> [WORK TO BE COMPLETED] Beginning with the line of the entries below that holds "Év:1964<br />Modell: 158" and ending with the line that holds "Honor Huawei Honor", transcribe each line exactly as written. Pictures stay out.

::: TASK INPUTS

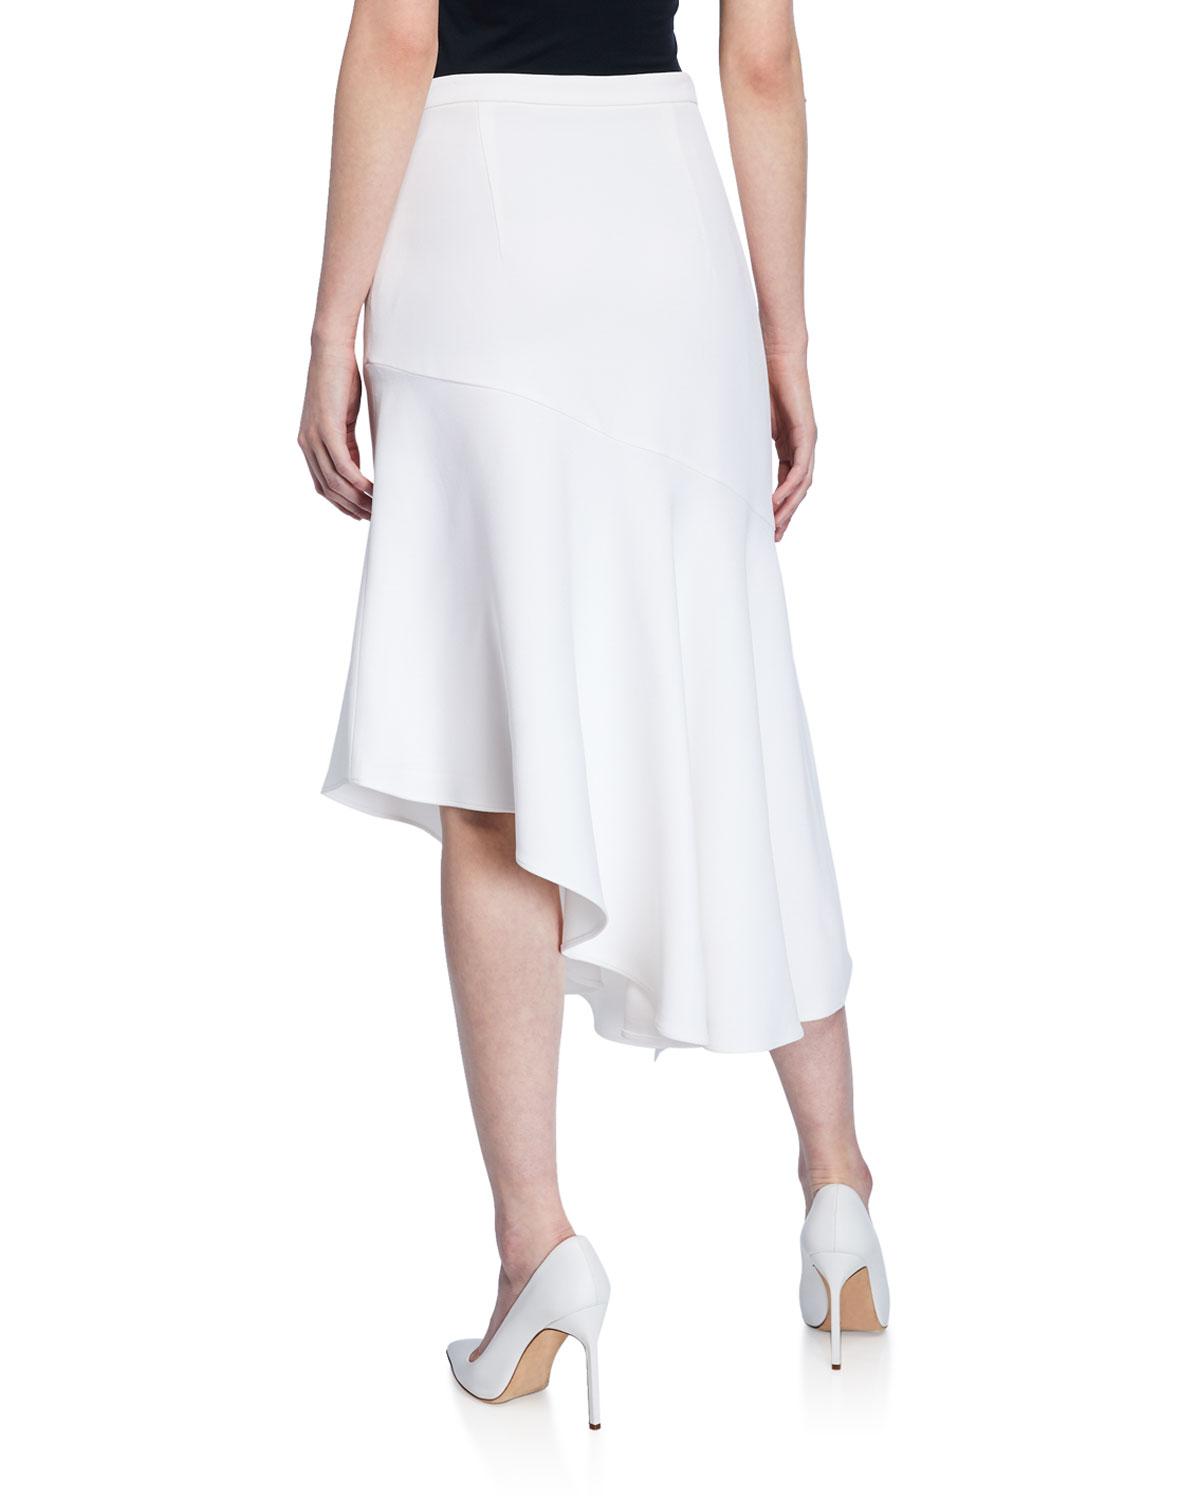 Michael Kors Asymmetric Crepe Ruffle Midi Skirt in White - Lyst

::::::
::: TASK INPUTS

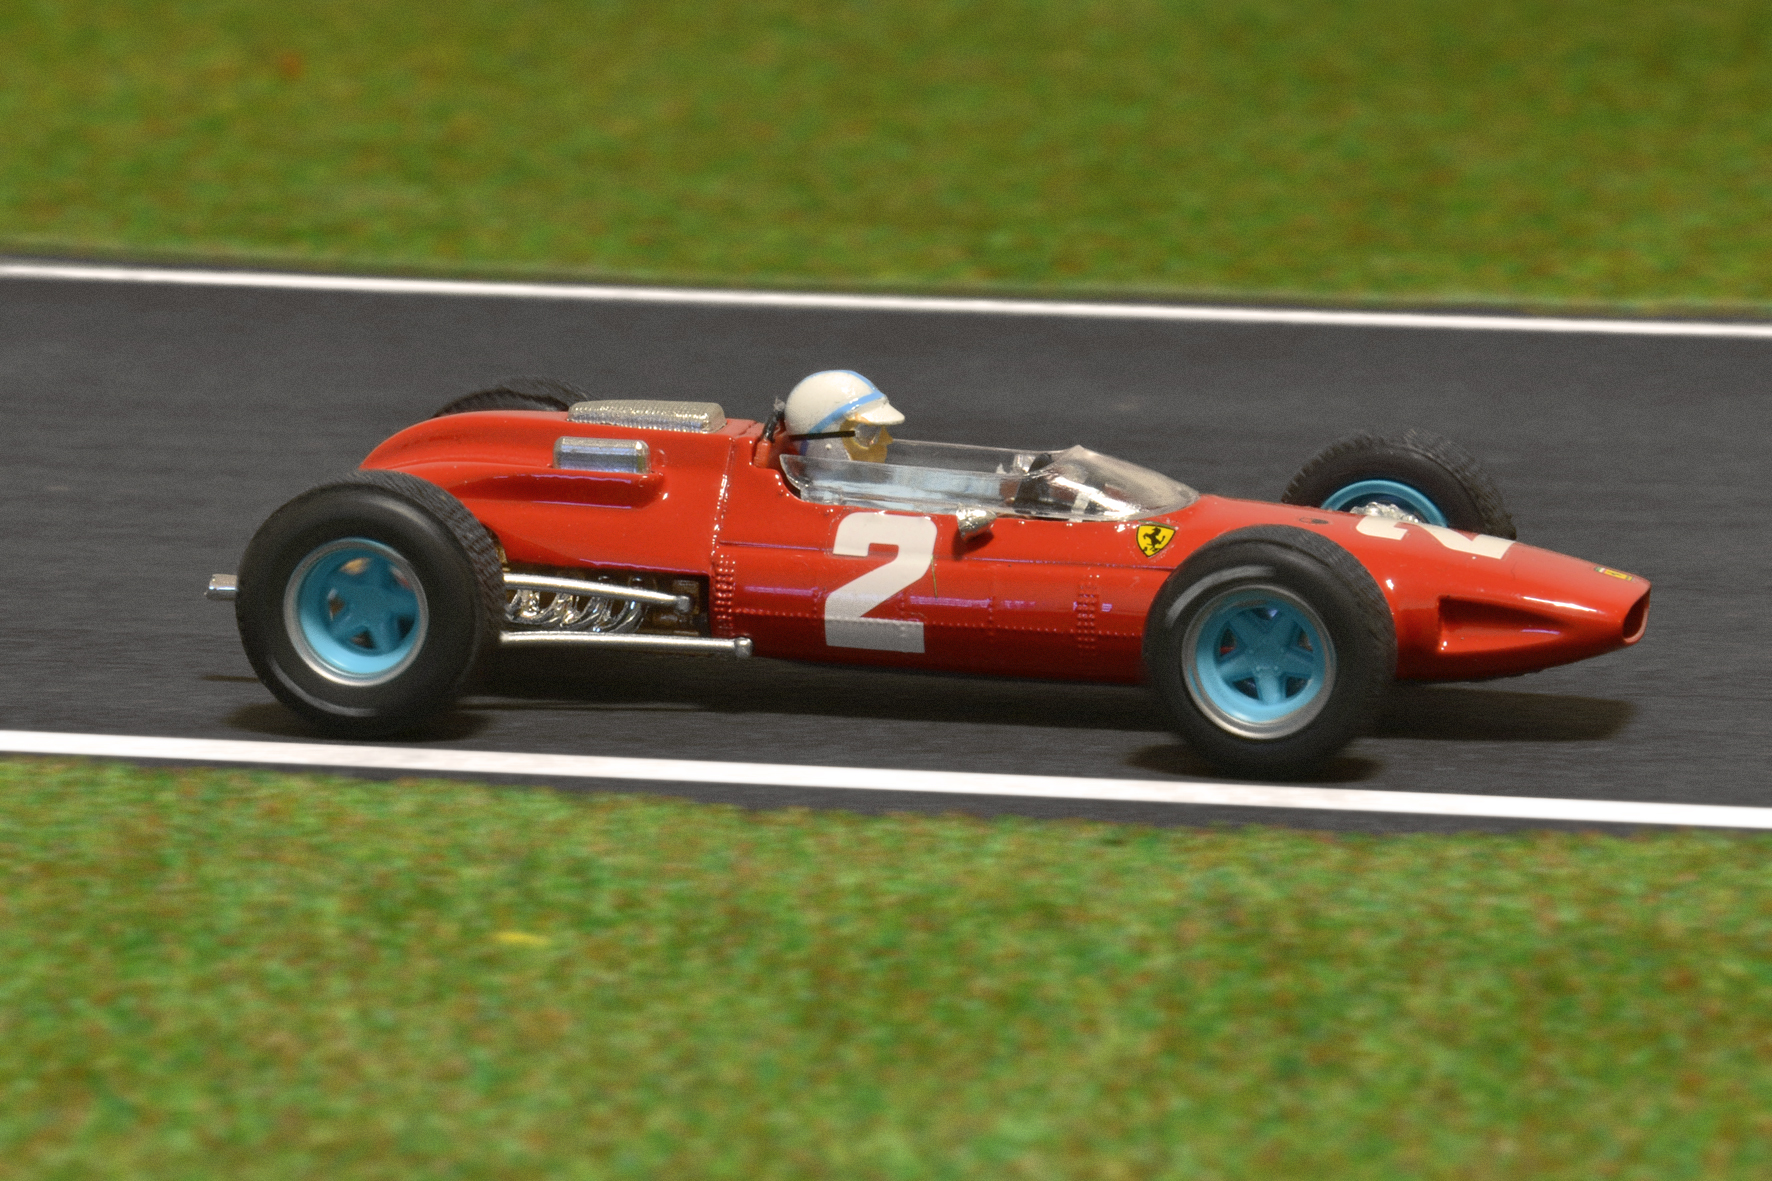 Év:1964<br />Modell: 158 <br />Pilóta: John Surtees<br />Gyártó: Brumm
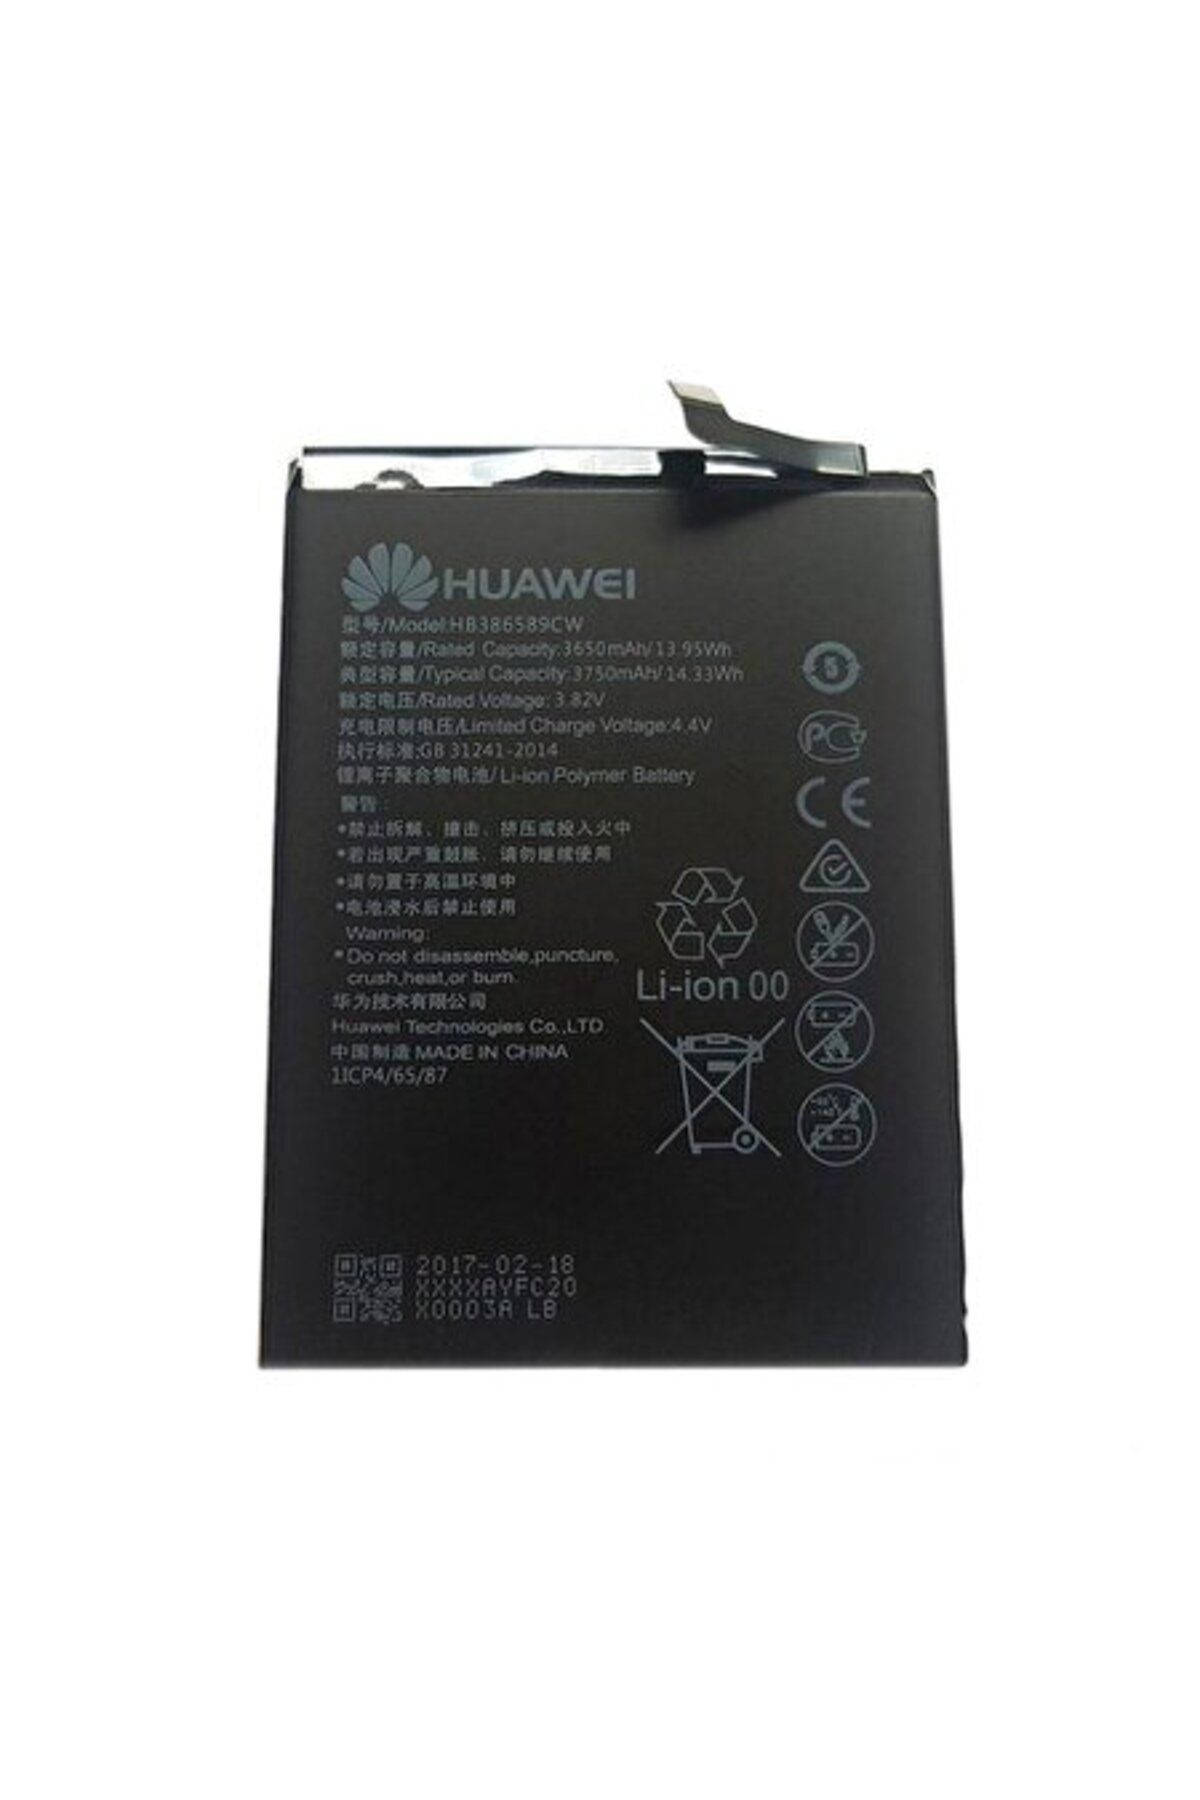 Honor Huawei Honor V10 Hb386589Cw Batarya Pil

::::::
::: TASK INPUTS

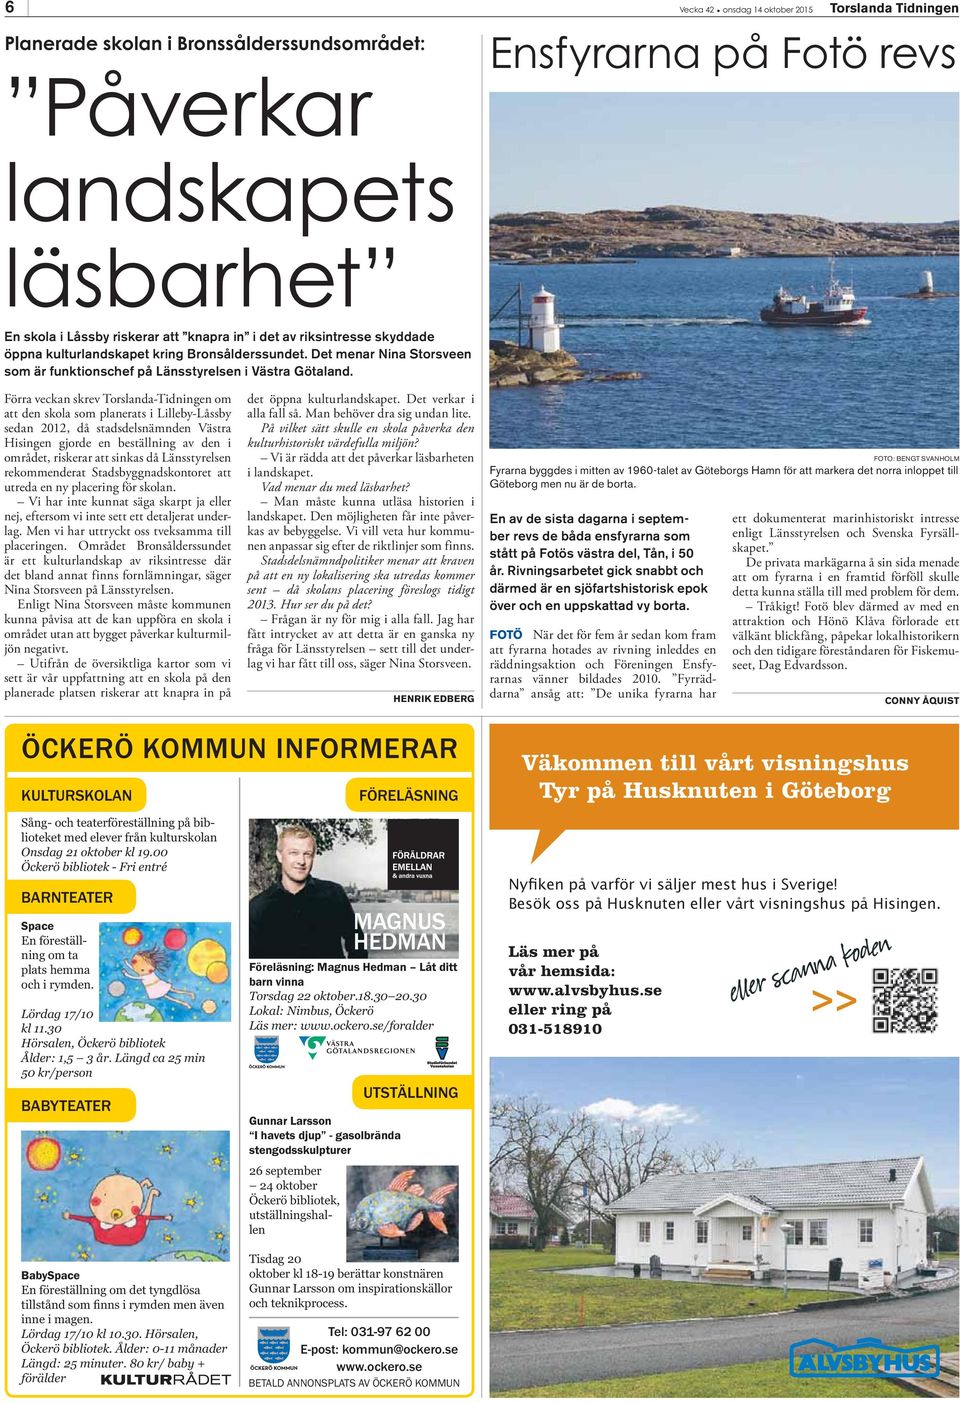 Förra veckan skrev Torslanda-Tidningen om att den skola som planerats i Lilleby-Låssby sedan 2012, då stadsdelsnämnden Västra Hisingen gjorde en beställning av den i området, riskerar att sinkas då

::::::

> [RESPONSE AREA]
 Év:1964<br />Modell: 158 <br />Pilóta: John Surtees<br />Gyártó: Brumm
 Honor Huawei Honor V10 Hb386589Cw Batarya Pil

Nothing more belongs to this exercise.